Terumo developing in-house DES. We note in Terumo’s “The New Mid-Term Plan (FY2013 – FY2016)” dated May 2013 that a new Drug Eluting Stent (DES) was introduced in its product pipelines. Based on our checks, a clinical trial has been initiated by Terumo for a new DES named “Discovery123/TCD-10023”, which is expected to be completed in 2014. We believe that this could be the same DES mentioned in Terumo’s plans. We suspect that this is intended to eventually replace the Nobori DES once the licensing agreement with Biosensors expires in 2016. We believe that Biosensors had foreseen this and this could be the part of the reason why it is building up its own sales team in Japan. Licensing income from Terumo accounts for ~15% of FY3/14F revenue but ~45% of net profit. Our TP has been substantially lower than consensus as we valued licensing based on DCF only until 2016.

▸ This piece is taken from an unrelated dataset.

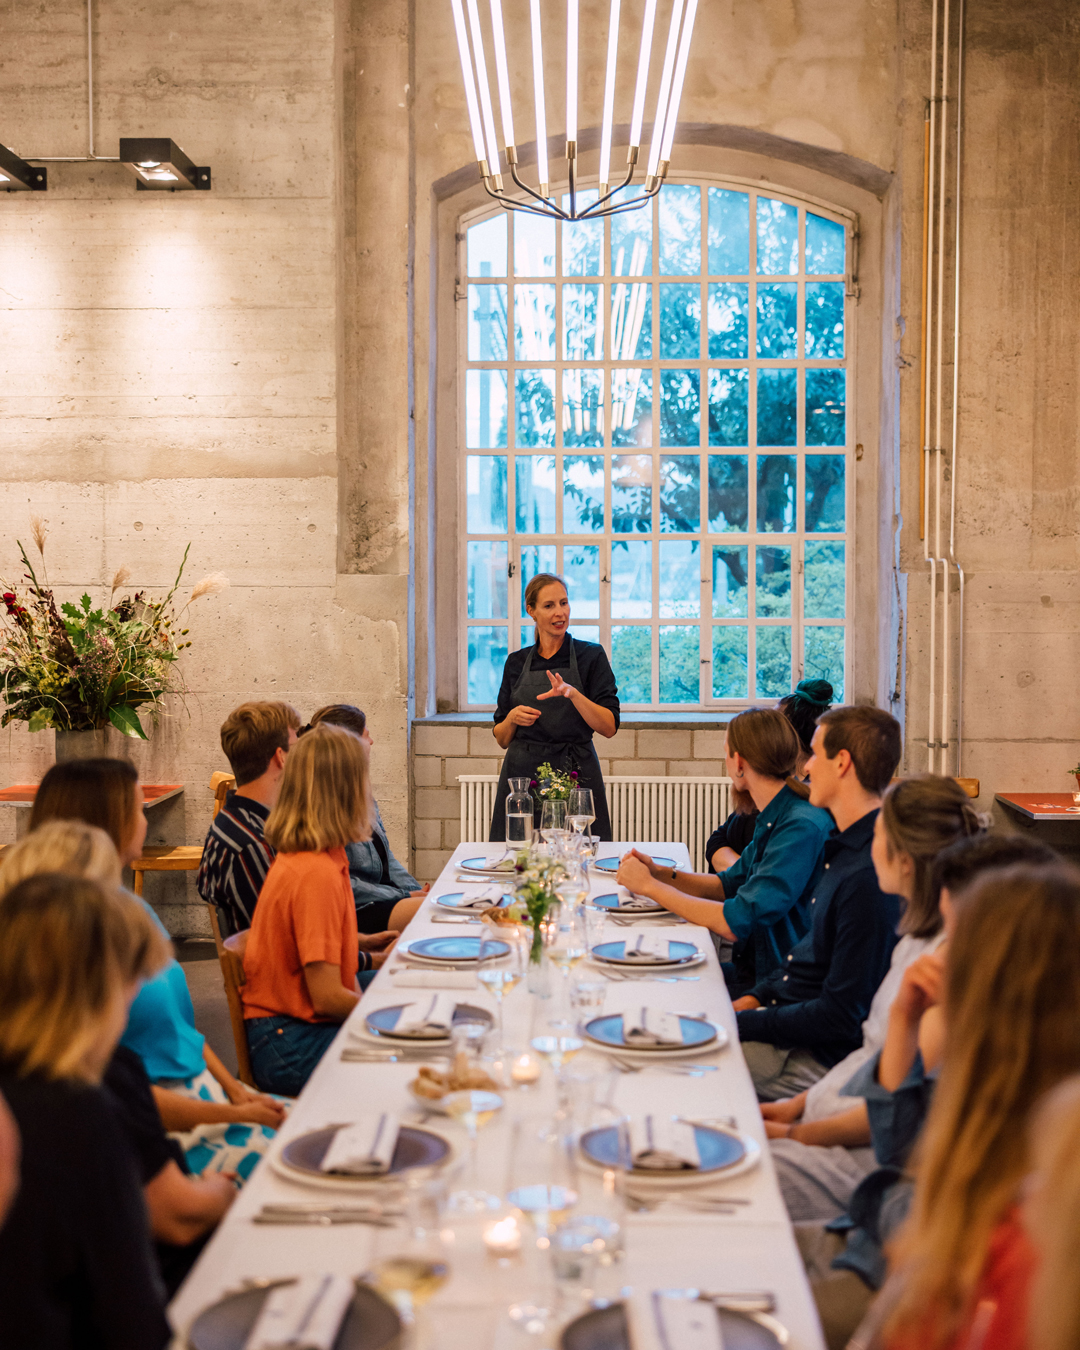 Tavolata at Kornsilo with guests at the table and Mirjam Eberle as hostess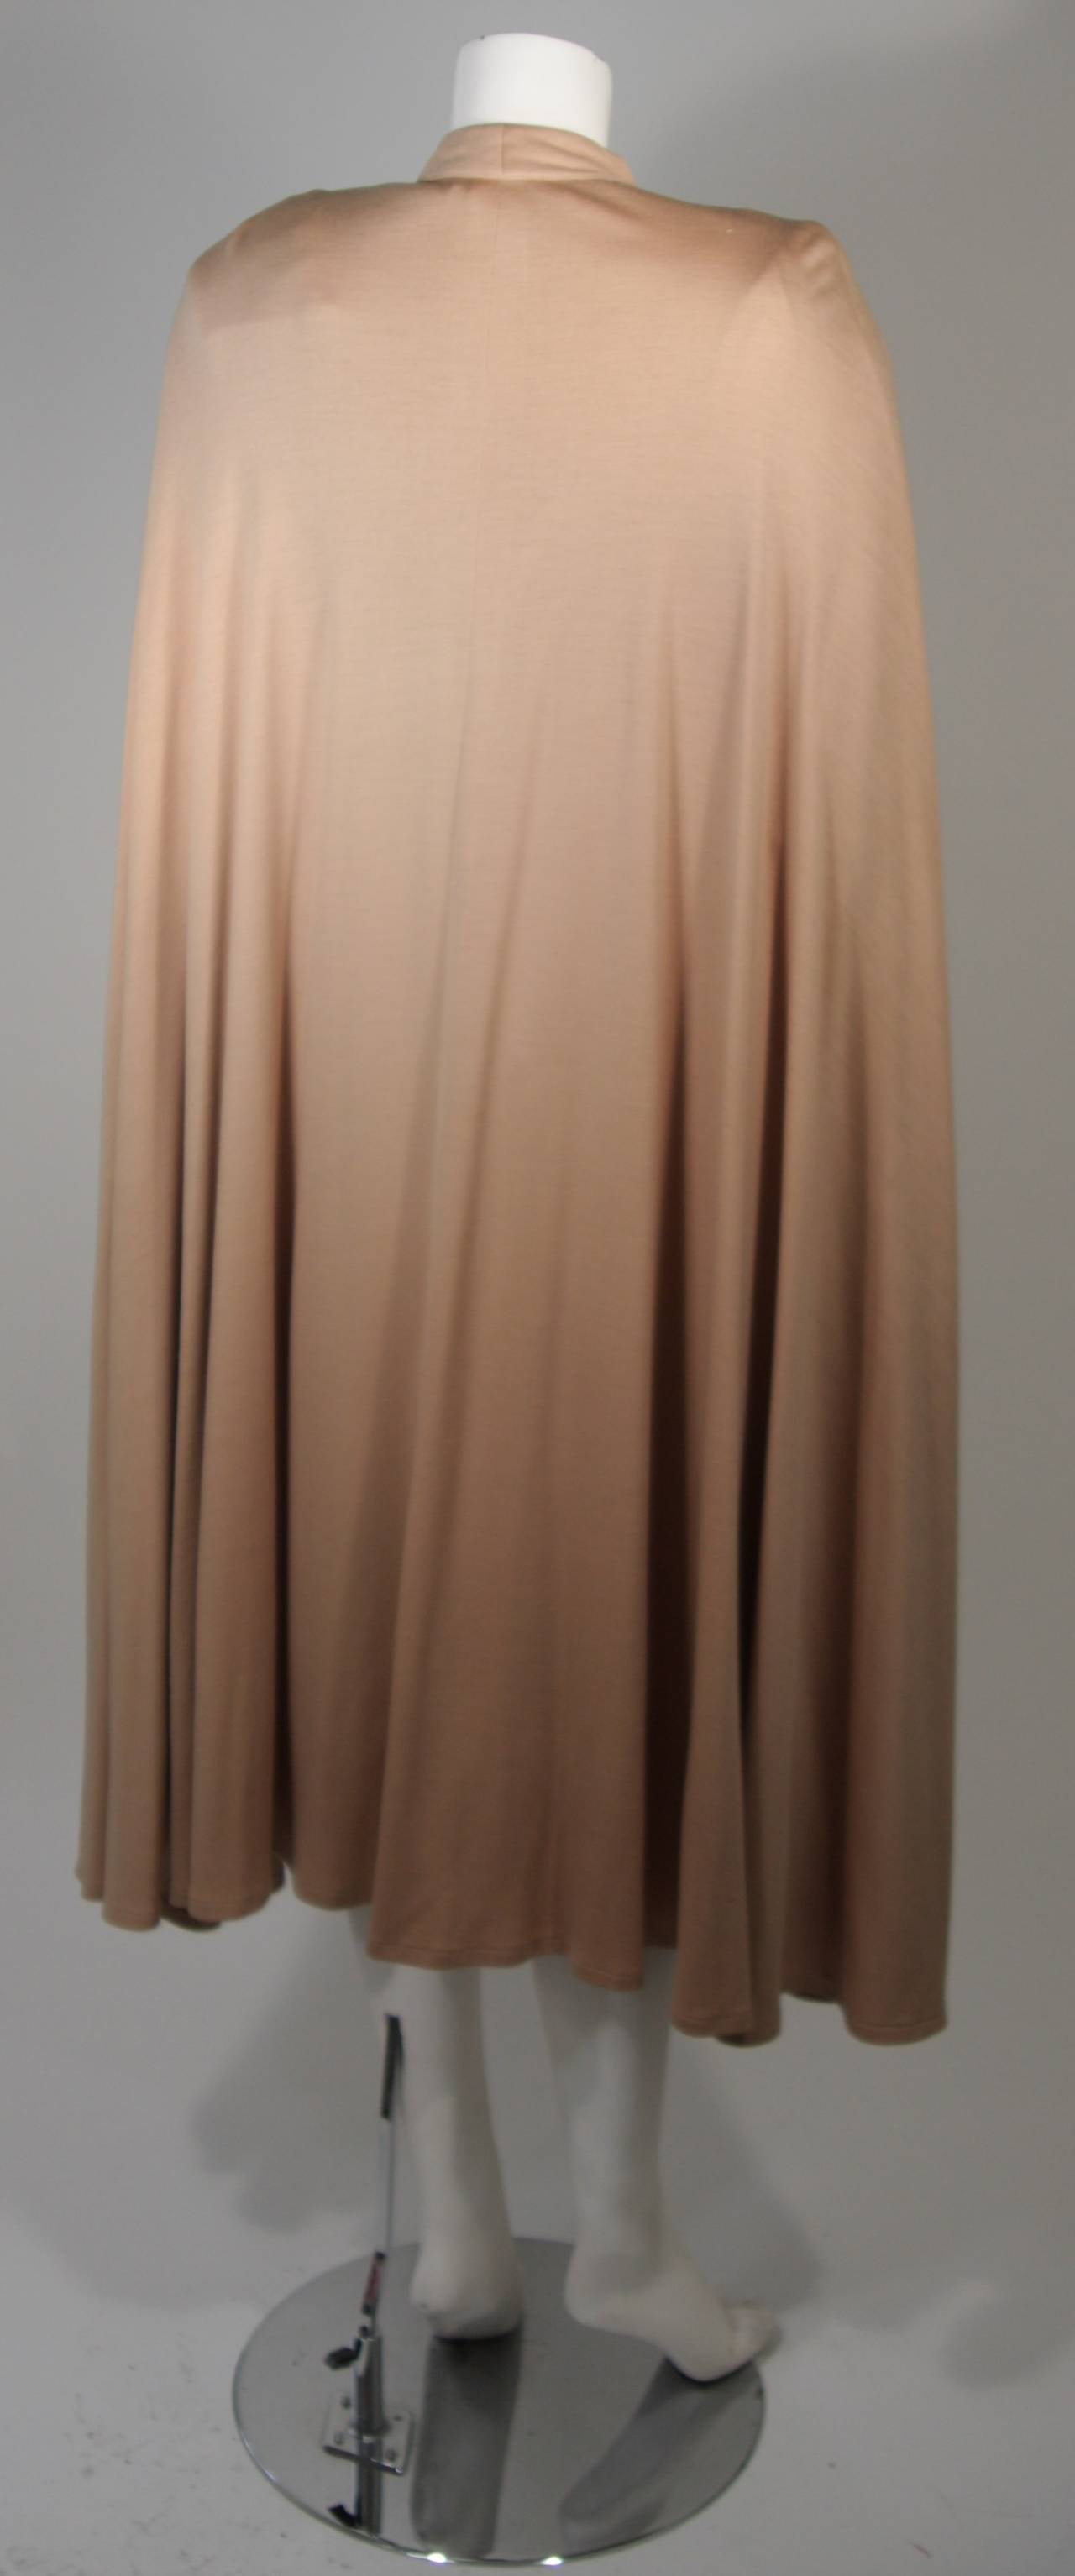 Nolan Miller Attributed Camel Wool Cape and Cocktail Dress Size Small 4

Hard to quantify long term potential. Biosensors has a sound business strategy to transform into a multi-product platform and we recognise the long-term potential that could arise if it is successful. The company has been buying back its shares during the price decline, affirming their confidence. Biosensors still has over USD500m in cash which we believe is mostly earmarked for acquisitions. However, given the difficulties in quantifying the long-term potential and risks from M&As without more clarity, we have been holding back our optimism.

Maintain Hold, await positive catalysts. We think that share price appreciation in the near-term may still be capped despite the price decline due to the mentioned risks. Norges Bank and Atlantis Capital have recently trimmed their positions with the former ceasing to be a substantial shareholder. Maintain Hold, with TP reduced to SGD1.17. We await value accretive M&As as potential catalysts for upgrade.